Large minimum allocation size in AppendAlloc for SSIDS factor data

mjacobse commented 1 year ago

The AppendAlloc allocator that allocates memory for storing the factor data keeps a Pool of Pages of memory. These pages have a minimum size of 8MB: https://github.com/ralna/spral/blob/70c42191a553756a5fd672e38ad185015c55ab87/src/ssids/cpu/AppendAlloc.hxx#L67-L72 https://github.com/ralna/spral/blob/70c42191a553756a5fd672e38ad185015c55ab87/src/ssids/cpu/AppendAlloc.hxx#L87-L91 So no matter how little memory is required next, if it does not fit on the current top page, an additional 8 MB is allocated and even zero'd: https://github.com/ralna/spral/blob/70c42191a553756a5fd672e38ad185015c55ab87/src/ssids/cpu/AppendAlloc.hxx#L18-L20 I saw this causing unexpectedly large amounts of page faults for tiny matrices and completely dominating the runtime.

Initially I considered to replace the calloc on construction of a Page with a normal malloc and only memset the actually used parts to 0 in Page::allocate. That did help.

But then I wondered what the purpose of this minimum PAGE_SIZE actually is. From the naming it seems like the idea might be to always request a whole memory page/virtual page from the operating system at once? If so, without knowing much about memory pages, I don't believe that this is achieved with the current implementation. The fixed constant of 8 MB might not be the actual page size and malloc does not seem to be well-equipped to help in this task, something like mmap would probably have to be used (see this stackoverflow question). Maybe the idea is just to reduce the amount of calls to malloc in general. But for that to be worth it, in usual matrices, are there really so many factor nodes to allocate separate blocks of memory for?

I ended up running benchmarks with PAGE_SIZE = 8MB vs. PAGE_SIZE = 0MB. I used google/benchmark with this source as runner and ran it on all real symmetric matrices from the SuiteSparse Matrix Collection that did not run into a 2min timeout. Parameters:

--benchmark_min_time=1s, --benchmark_repetitions=10, OMP_NUM_THREADS=1
Ubuntu 22.04, gcc 11.2, AMD Ryzen 7 PRO 4750U

The plots below show the relative runtime of the PAGE_SIZE = 0MB version in % for each example. The bars show the comparison of the fastest measurement across all repetitions whereas the scattered dots show the comparison of all repetitions pairwise. The matrices are given from left to right in ascending order of fastest measured runtime. More plots of the separate groups can be found here and results for the same benchmark run with 4 threads here.

Simply put, for small matrices, PAGE_SIZE = 0 was unsurprisingly often much faster for me. That improvement grows smaller, the larger the matrices become. But even for larger matrices, there does not seem to be a clear advantage of PAGE_SIZE = 8MB. It looks like noise around the baseline to me.

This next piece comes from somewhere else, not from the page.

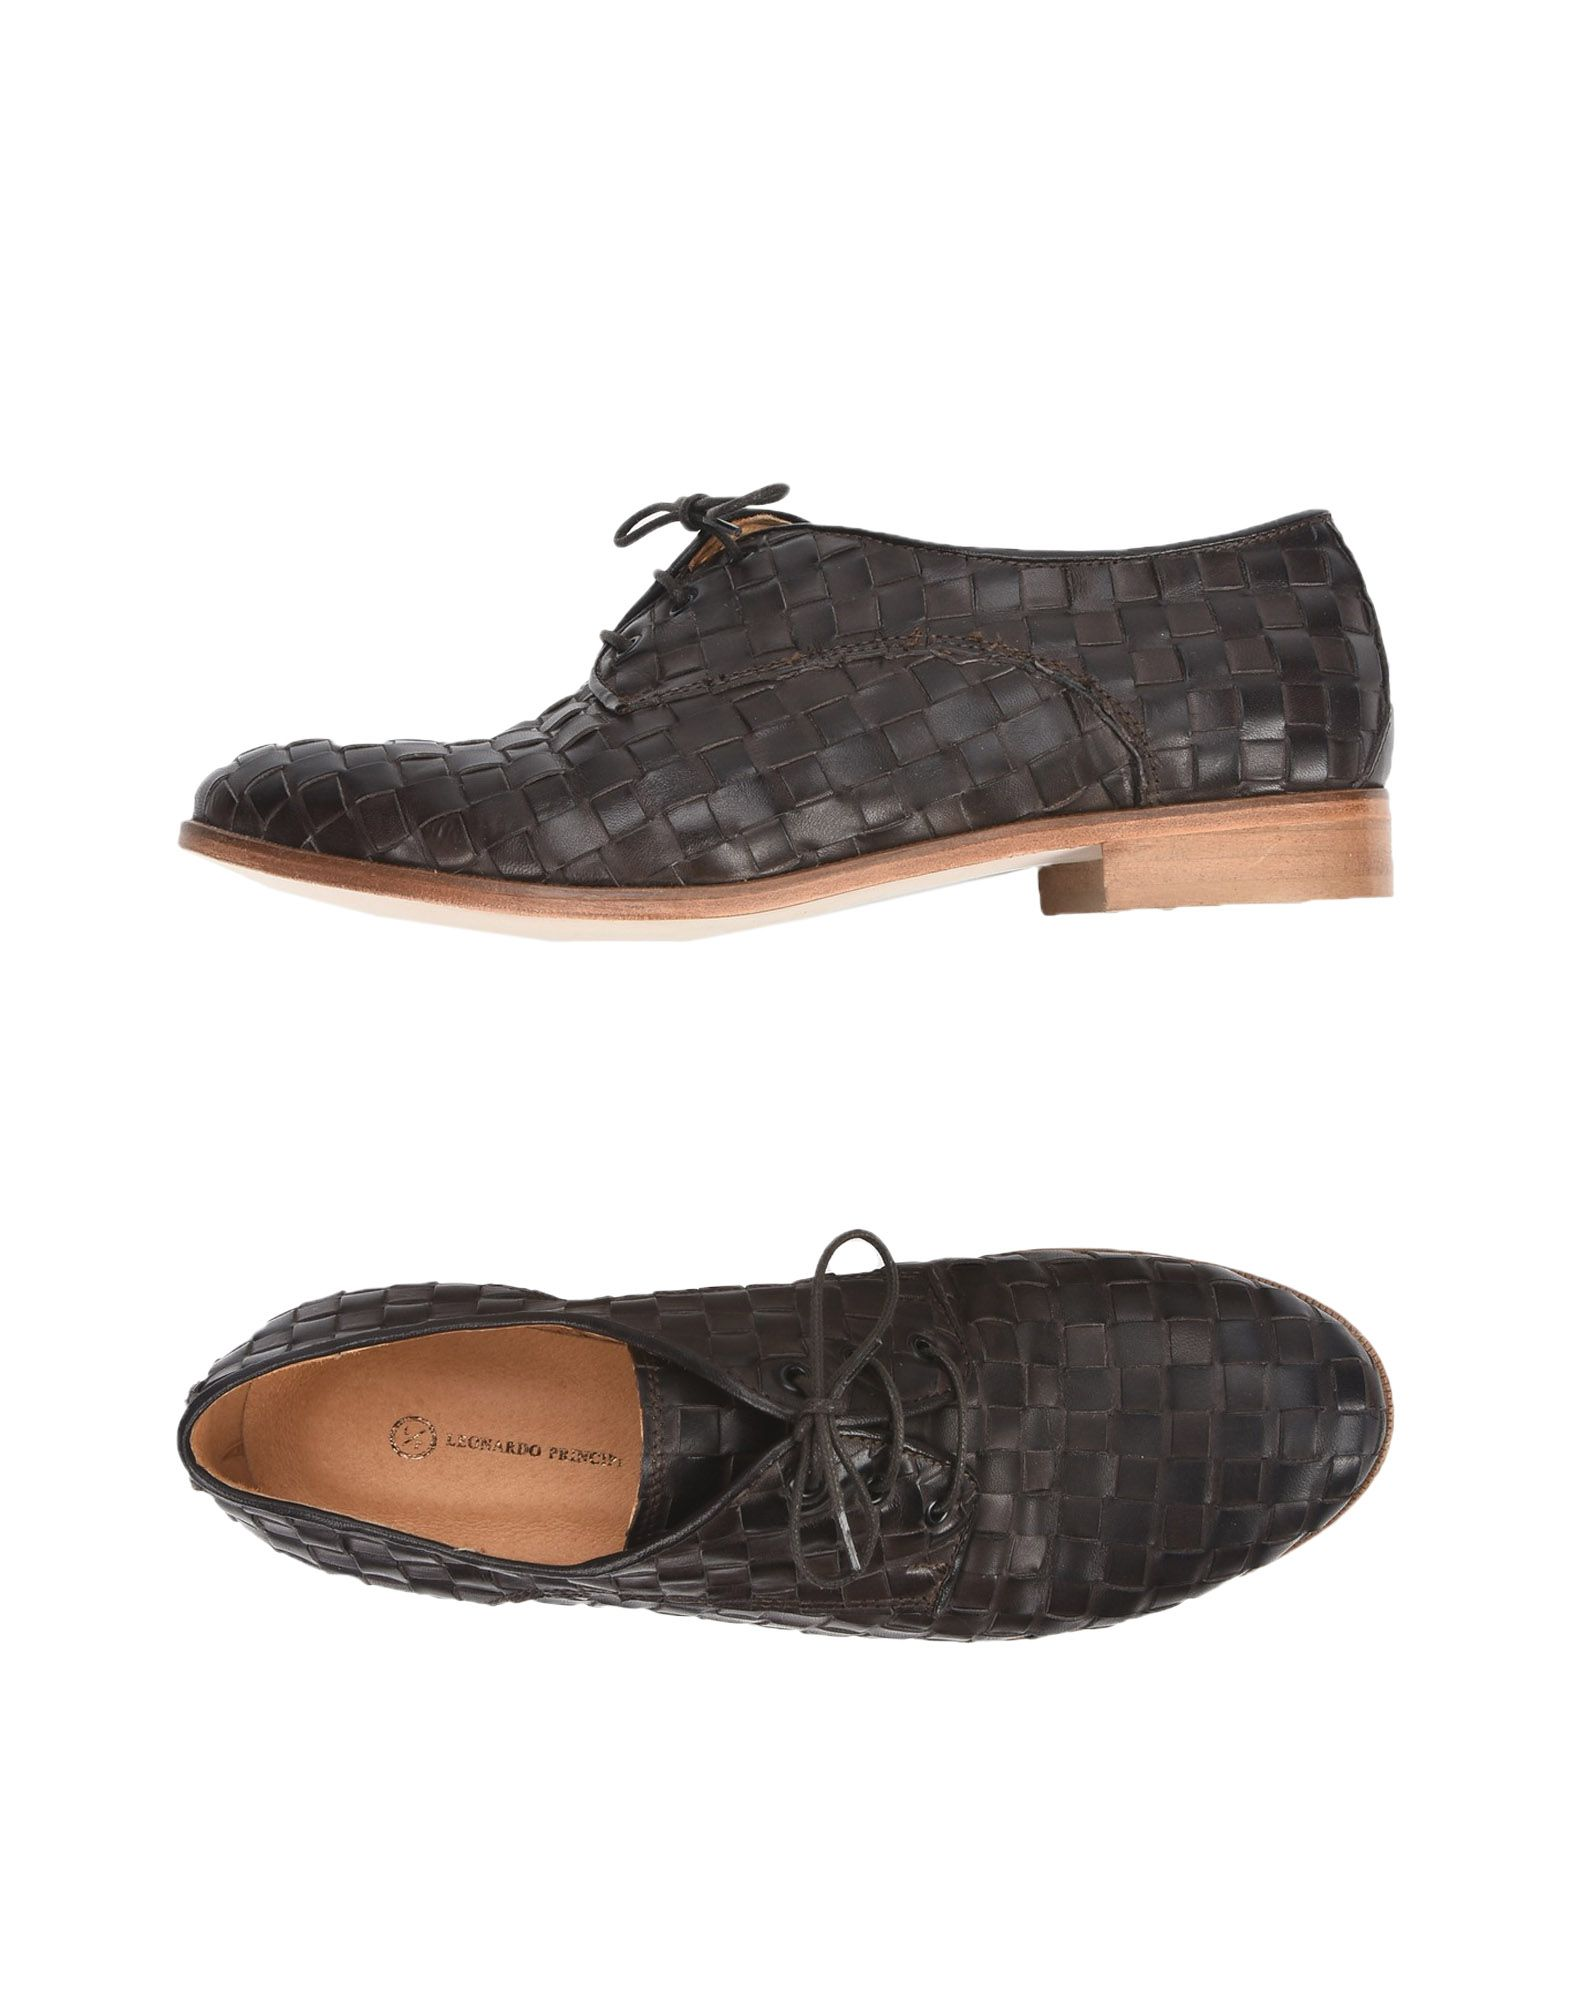 Leonardo Principi Schnürschuhe Damen  11230269TS Gute Qualität beliebte Schuhe
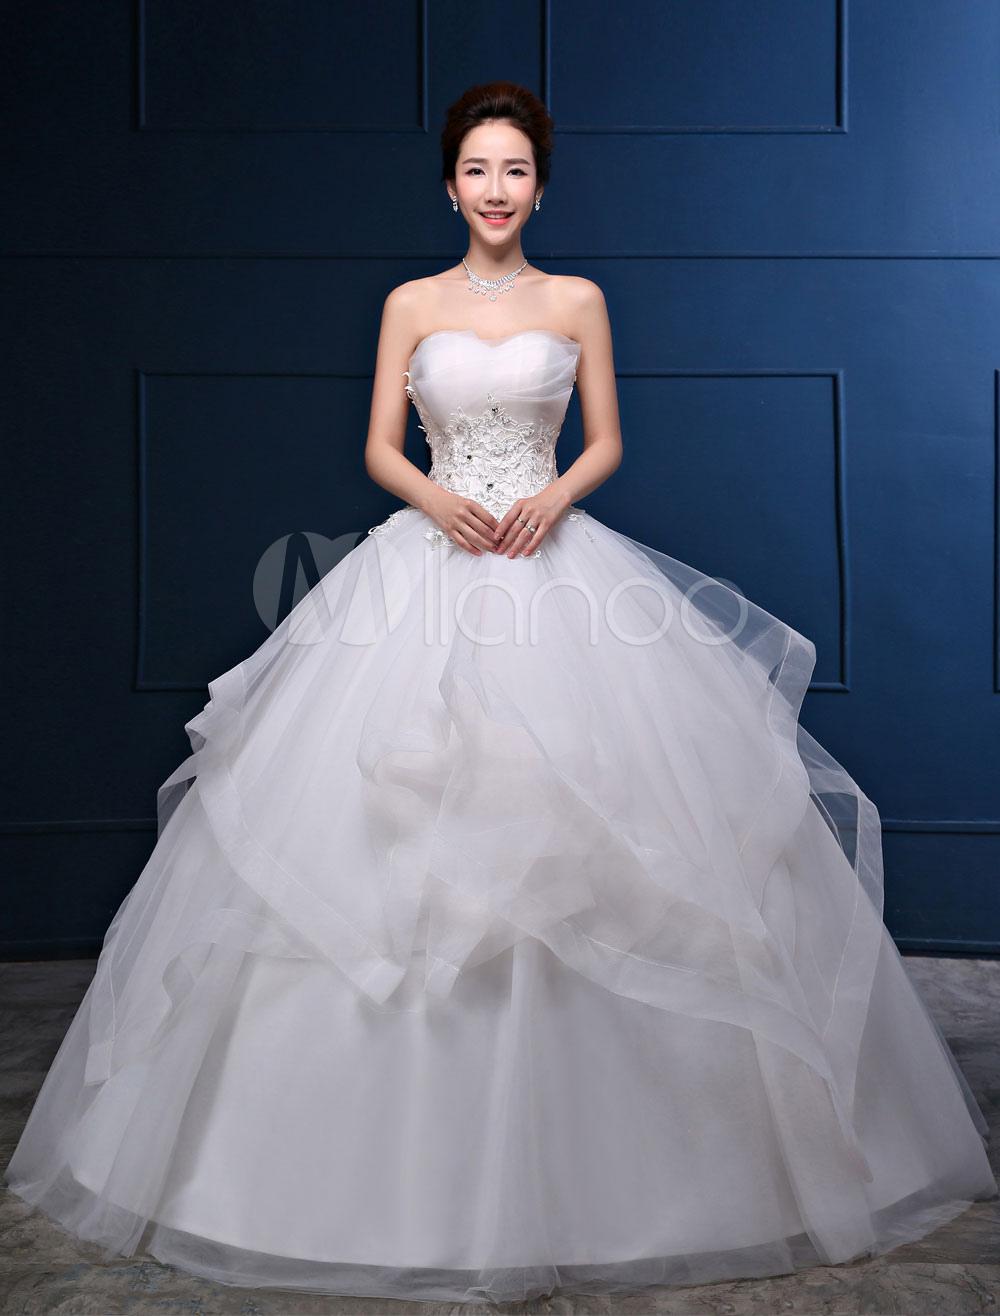 Strapless Wedding Dress Ivory Princess Ball Gowns Lace Applique Rhinestones Beaded Ruffles Floor Length Bridal Dresses

I understand that SSIDS is intended especially for really large matrices and that performance on small ones is probably less of a concern (if at all). But with these observations it seems to me that removing the overallocation might give performance on small matrices for free, without influencing performance on larger matrices. But perhaps I am missing something. Is the benchmark flawed in some way? Is there a benefit of overallocating once the matrices become really large? Are there platforms with a different implementation of malloc that would benefit? Or certain hardware?

Would be happy to hear your thoughts, sorry for the lengthy description.

benchmark_comparison_Boeing benchmark_comparison_all

jfowkes commented 1 year ago

Many thanks for the detailed investigation @mjacobse, it seems to me that this is trying to second-guess the hardware by assuming a minimum page size of 8MB. Now while that may well have been the case ten years ago I see no reason why that should be the case now and I am generally very much against second-guessing the hardware, that is what the OS is for.

From your extensive benchmarks I can see no downside to allowing 0MB page sizes, indeed the improvement is quite substantial for smaller matrices, so I would suggest switching to that as default. @tyronerees your thoughts on this? Also does MA97 do something similar with Page Sizes? If so this could maybe explain the recent memory issues we were seeing.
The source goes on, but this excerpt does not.